In the series “how expats experience the Greek crisis”, KTG received another personal expat story. The story is written by somebody who built up an existence here and decided to go away, unable to survive the economic crisis. Somebody who still asks herself  three years later, whether “leaving was really the right thing to do.”

Below the story by Anke

“I remember that speech by Papandreou*… I understood what was happening, but could not fathom the dimensions of it. At the time, my business had just gone belly up, I was already packed and waiting to leave, while living with friends.

I am an Austrian citizen, who grew up in the USA, and came to Greece as a tourist in ’86. Like many, I fell in love with the country and quickly figured out a way to live there. I should have been going to college, but I felt that I could survive just as well, and I did very well, up until early 2010. I had always been self-employed, either in the professional sailing industry, or in the food service industry.

I created a life and a family and made many friends. I learned the language and the culture and truly felt blessed and lucky to be able to live there. In 2006 I divorced my first husband and decided to invest everything I had into a small restaurant. At the end of 2009 I felt that the business had finally caught on, and I would soon be in the “green”. I had also found an old friend of mine from the USA. We fell in love and decided that he would come to join me in Greece and help me running my shop. He gave notice at his job and put his house on the market to sell.

The crisis hit in February 2010. Slowly business around me started to close one after the other. My work came to a total stand still. It was like the population was waiting for a bomb to fall and everything was quiet. I owned no land, nor did I have any savings, so I couldn’t hold on for long. I realized I couldn’t allow him to leave his job and house to come to sheer uncertainty and financial pain and I needed to support my child.

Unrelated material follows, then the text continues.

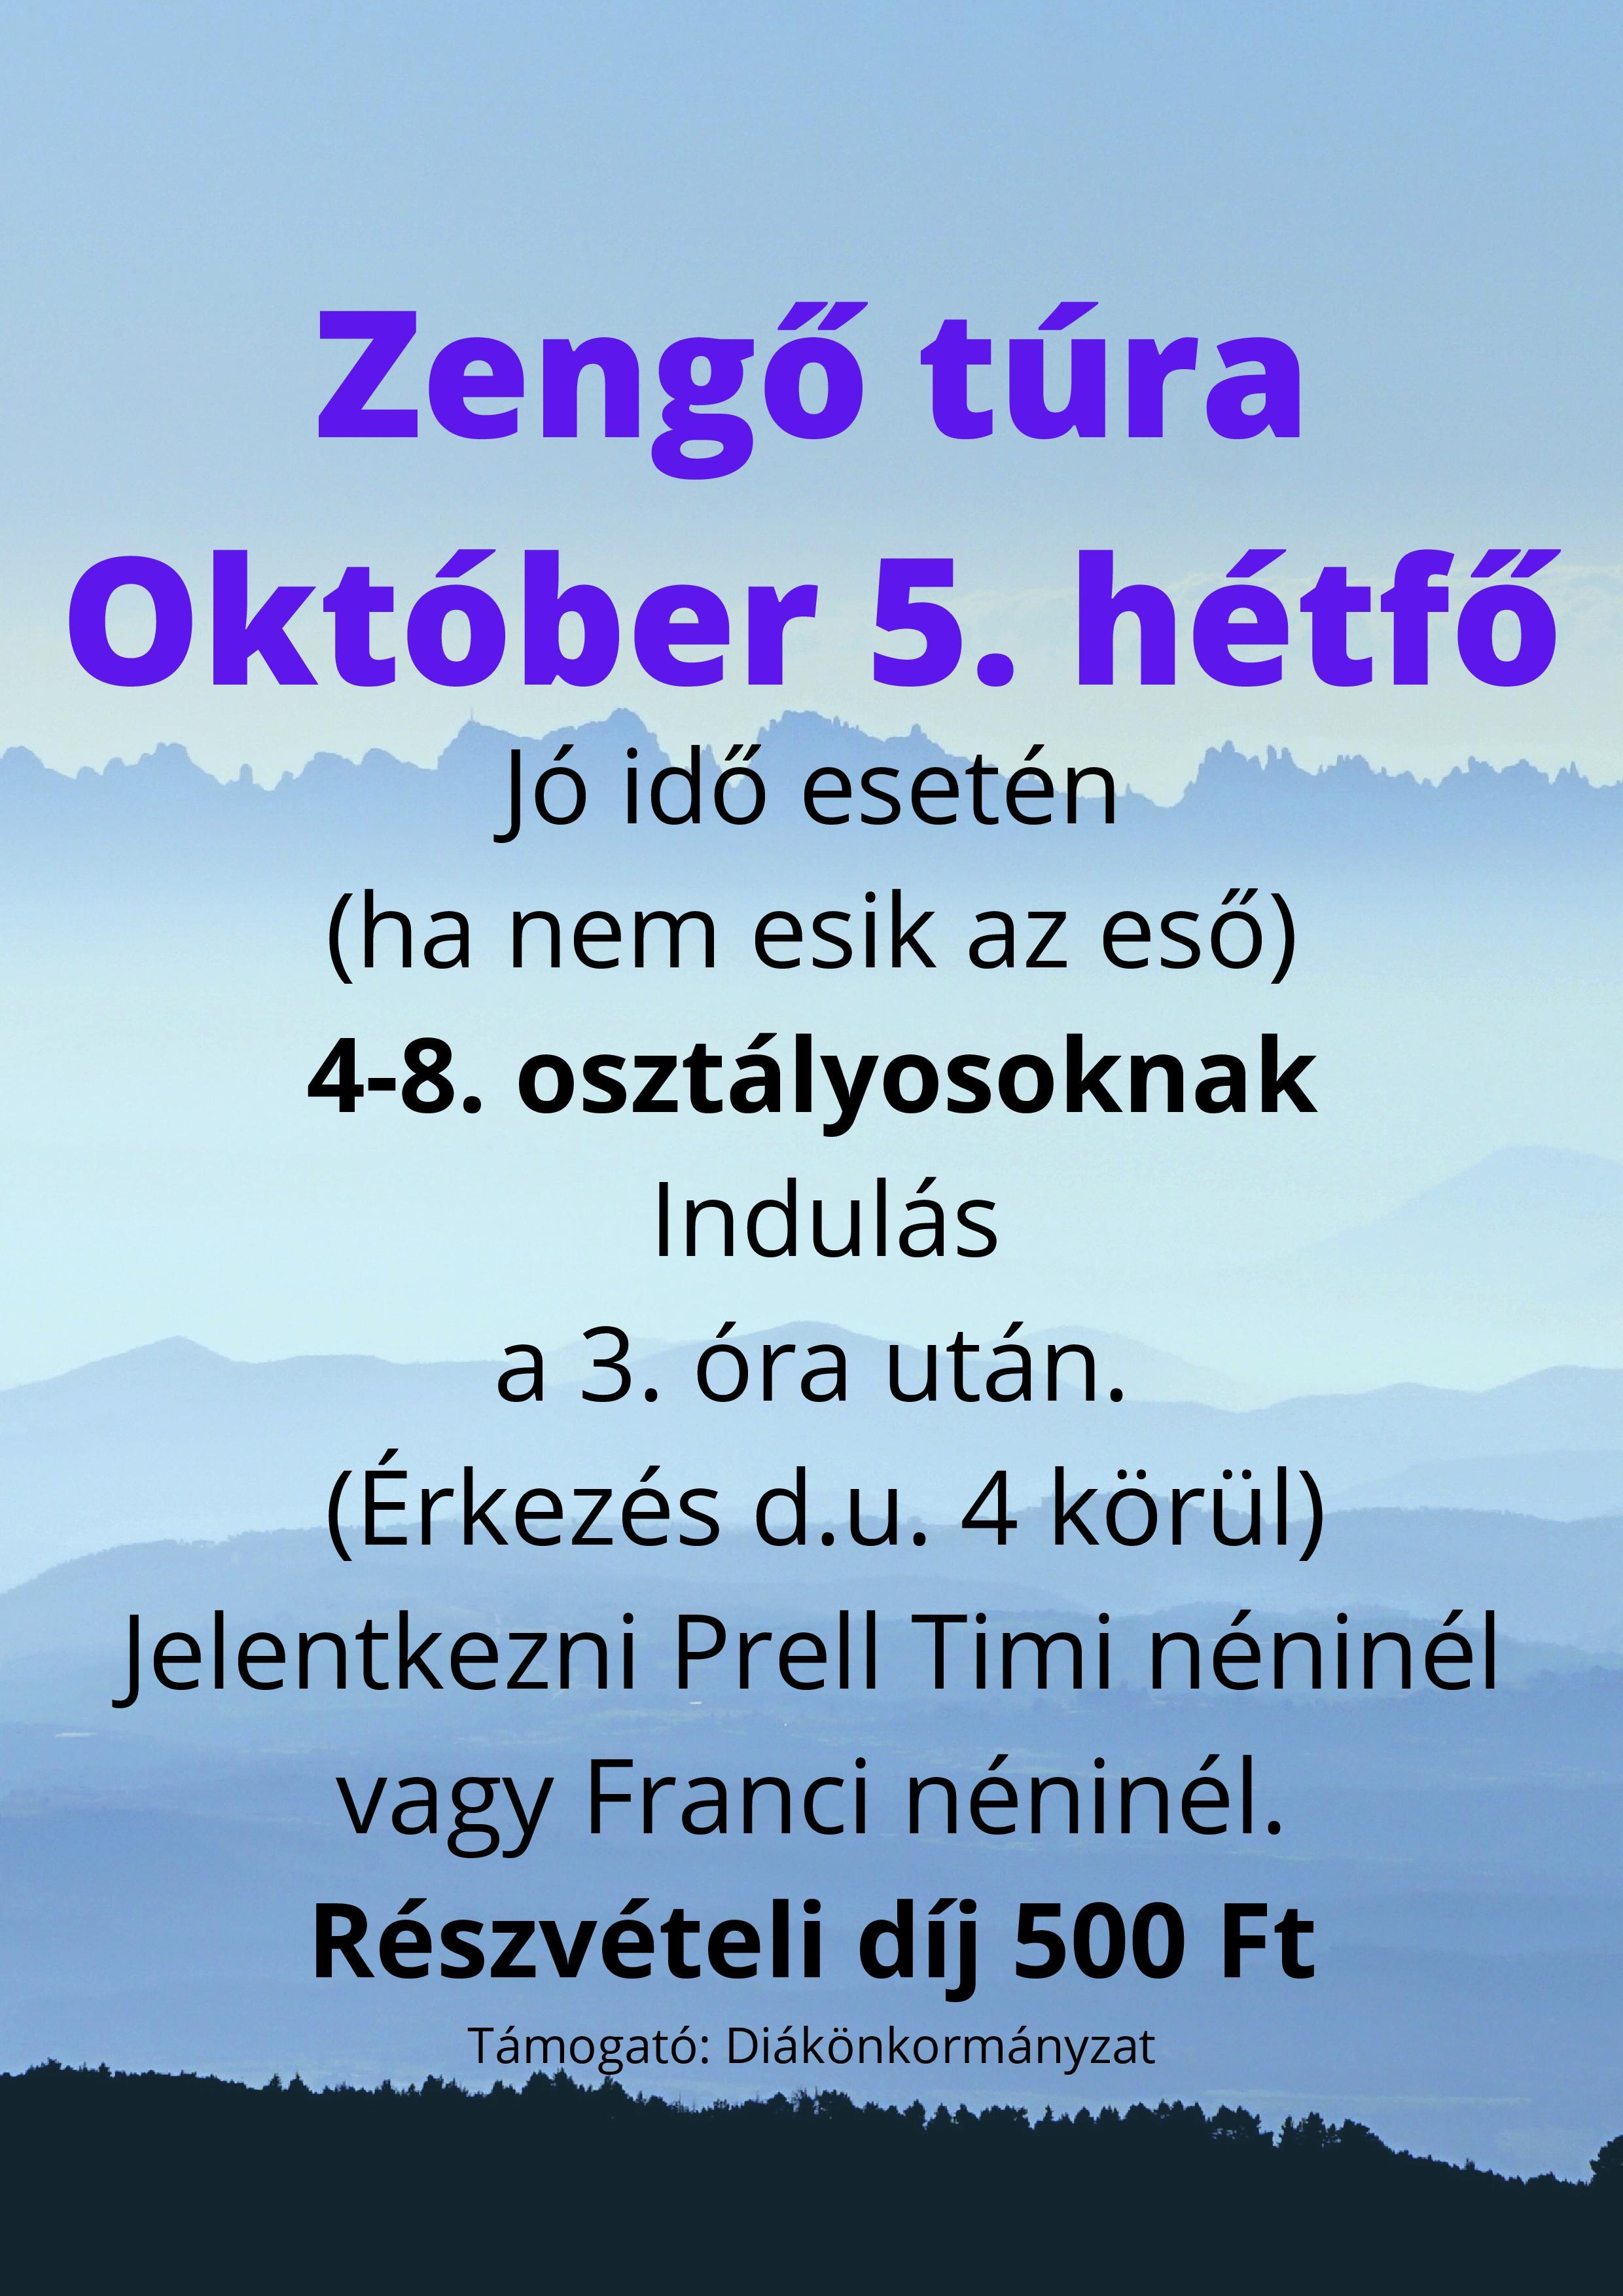 Zengő-túra-Október-5--hétfő (1)-page-001

I tried to sell my business, but of course it was impossible. I sold everything I had piece by piece and made just enough money to pay off my debts to the state (taxes and insurance), a plane ticket, and fund a small container with my remaining personal items to the USA.

Now I also know what all those Greeks all over the world feel like… the ones who dream of going back one day.”

* then PM George Papandreou addressed the nation on 23. April 2010 announcing that Greece had to seek the rescue by the International Monetary Fund.